日本地球惑星科学連合2023年大会

講演情報

[J] オンラインポスター発表

セッション記号 A (大気水圏科学) » A-AS 大気科学・気象学・大気環境

[A-AS08] 高性能計算で拓く気象・気候・環境科学

2023年5月22日(月) 13:45 〜 15:15 オンラインポスターZoom会場 (1) (オンラインポスター)

コンビーナ:八代 尚(国立研究開発法人国立環境研究所)、宮川 知己(東京大学 大気海洋研究所)、小玉 知央(国立研究開発法人海洋研究開発機構)、大塚 成徳(国立研究開発法人理化学研究所計算科学研究センター)


現地ポスター発表開催日時 (2023/5/21 17:15-18:45)

13:45 〜 15:15

[AAS08-P02] 数値天気予報・データ同化・AIの融合による3D降水ナウキャストに向けて:敵対的学習の適用

*大塚 成徳1三好 建正1 (1.国立研究開発法人理化学研究所計算科学研究センター)

キーワード:深層学習、データ同化、数値天気予報、降水、ナウキャスト

Recent advances of deep learning allowed us to seek for new algorithms to predict precipitation based on past observations by weather radars. On the other hand, high-end supercomputers enabled us to perform “big data assimilation,” rapid-update numerical weather predictions at high spatiotemporal resolution by assimilating dense and frequent observations such as the Phased Array Weather Radar (PAWR) (e.g., Miyoshi et al. 2016a,b, Honda et al. 2022a,b). Nevertheless, neither deep learning nor big data assimilation is perfect. In conventional precipitation nowcasting, blending of numerical weather prediction and extrapolation-based nowcasting is known to be better than either of these (e.g., Sun et al. 2014). Therefore, even in the era of deep learning and big data assimilation, combining these two cutting-edge technologies is a reasonable choice.
We have been testing a convolutional long short-term memory (ConvLSTM, Shi et al. 2015)-based neural network.
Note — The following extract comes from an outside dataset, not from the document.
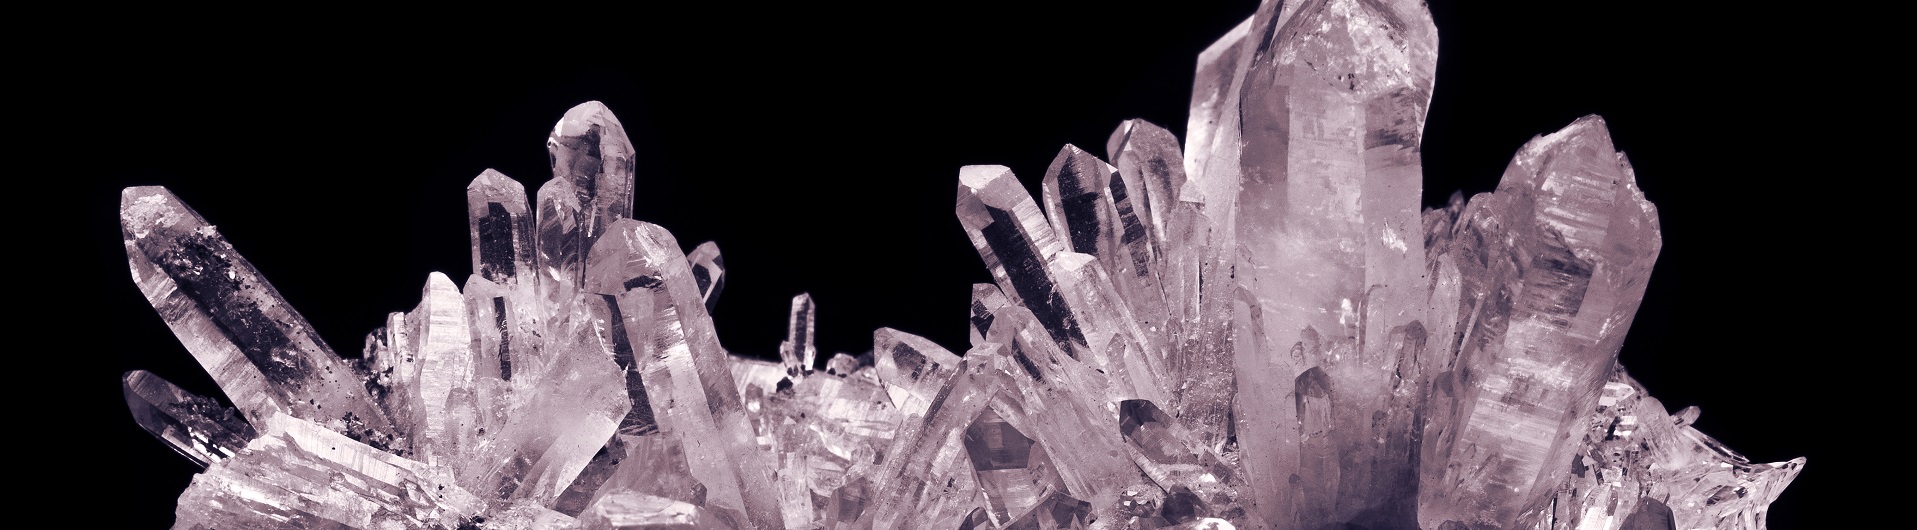 crystalline silica
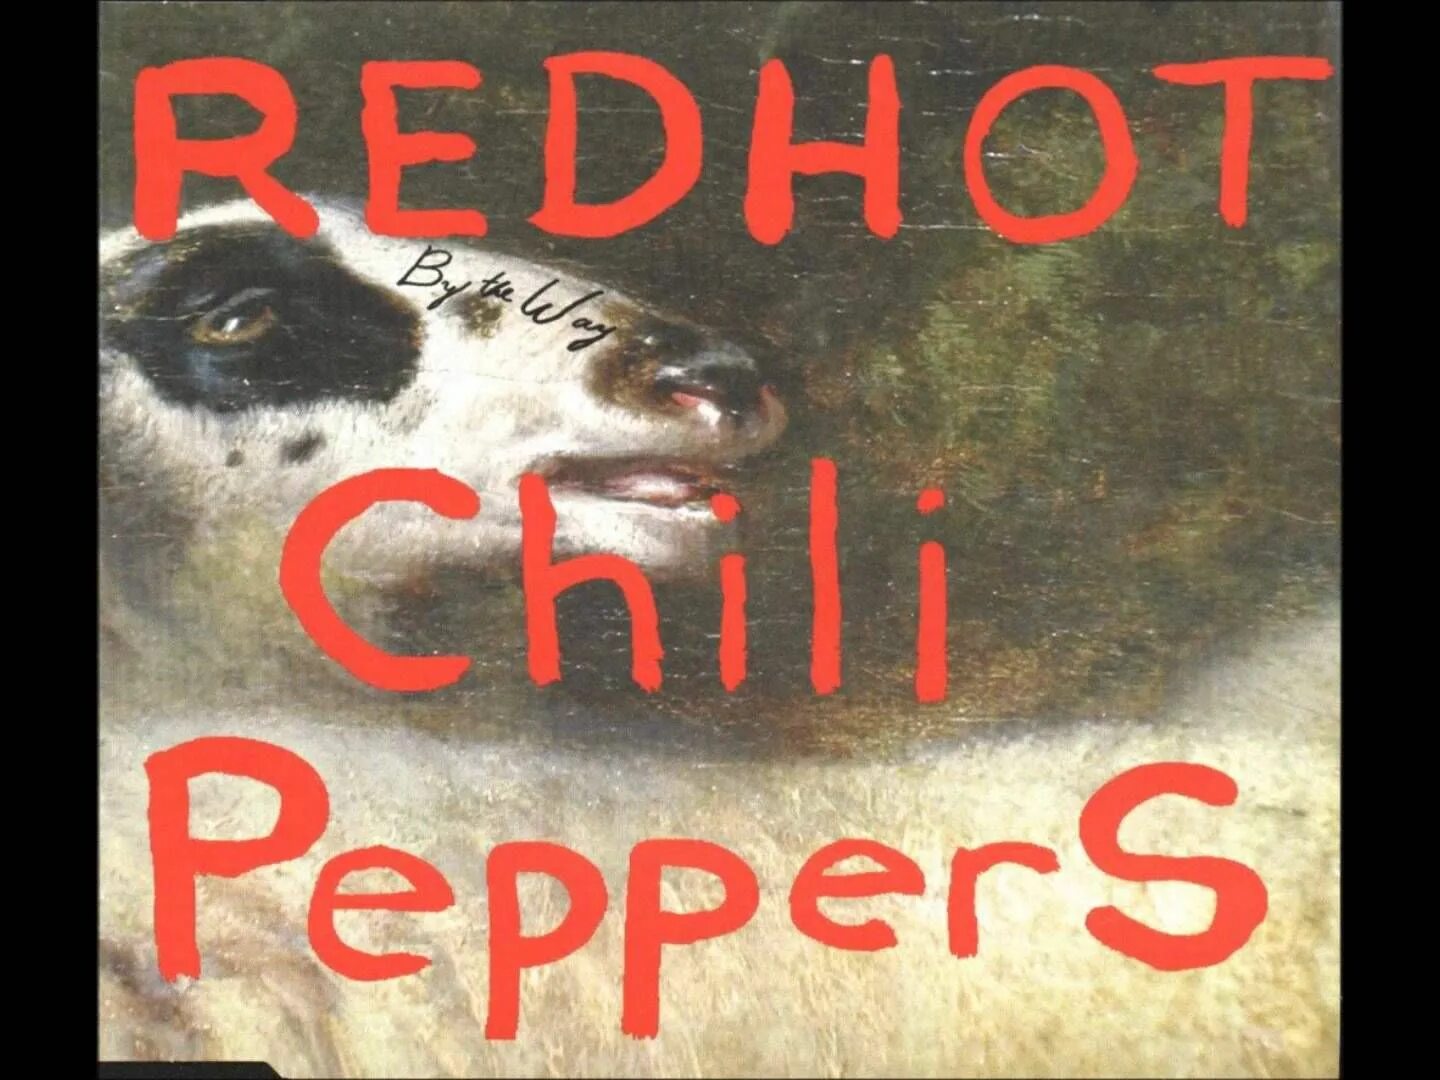 Перевод песни red pepper. Red hot Chili Peppers 2002 by the way. Red hot Chili Peppers обложка. By the way Red hot Chili Peppers обложка. Red hot Chili Peppers обложки альбомов.

Recently, an adversarial training is considered a promising technique for deep learning-based precipitation nowcasting to avoid blurring effect (Ravuri et al. 2021). Therefore, we applied an adversarial training to a three-dimensional extension of ConvLSTM with PAWR.
PAWR observations are converted to a Cartesian mesh at 250-m resolution. Data with rainy pixels are cropped to 64 x 64 x 32, and past 5 steps with a time interval of 30 seconds are fed to the network. Future 20 steps, i.e., forecasts every 30 seconds up to 10 minutes lead, are generated by the network, and an adversarial loss and a pixelwise loss are computed.
Preliminary results indicate that the use of adversarial loss increases small-scale features compared to the training without the adversarial loss. However, threat scores did not change much between the training with and without the adversarial loss. In future, a numerical weather prediction output will be fed to the network to combine it with a deep learning-based prediction in a nonlinear manner.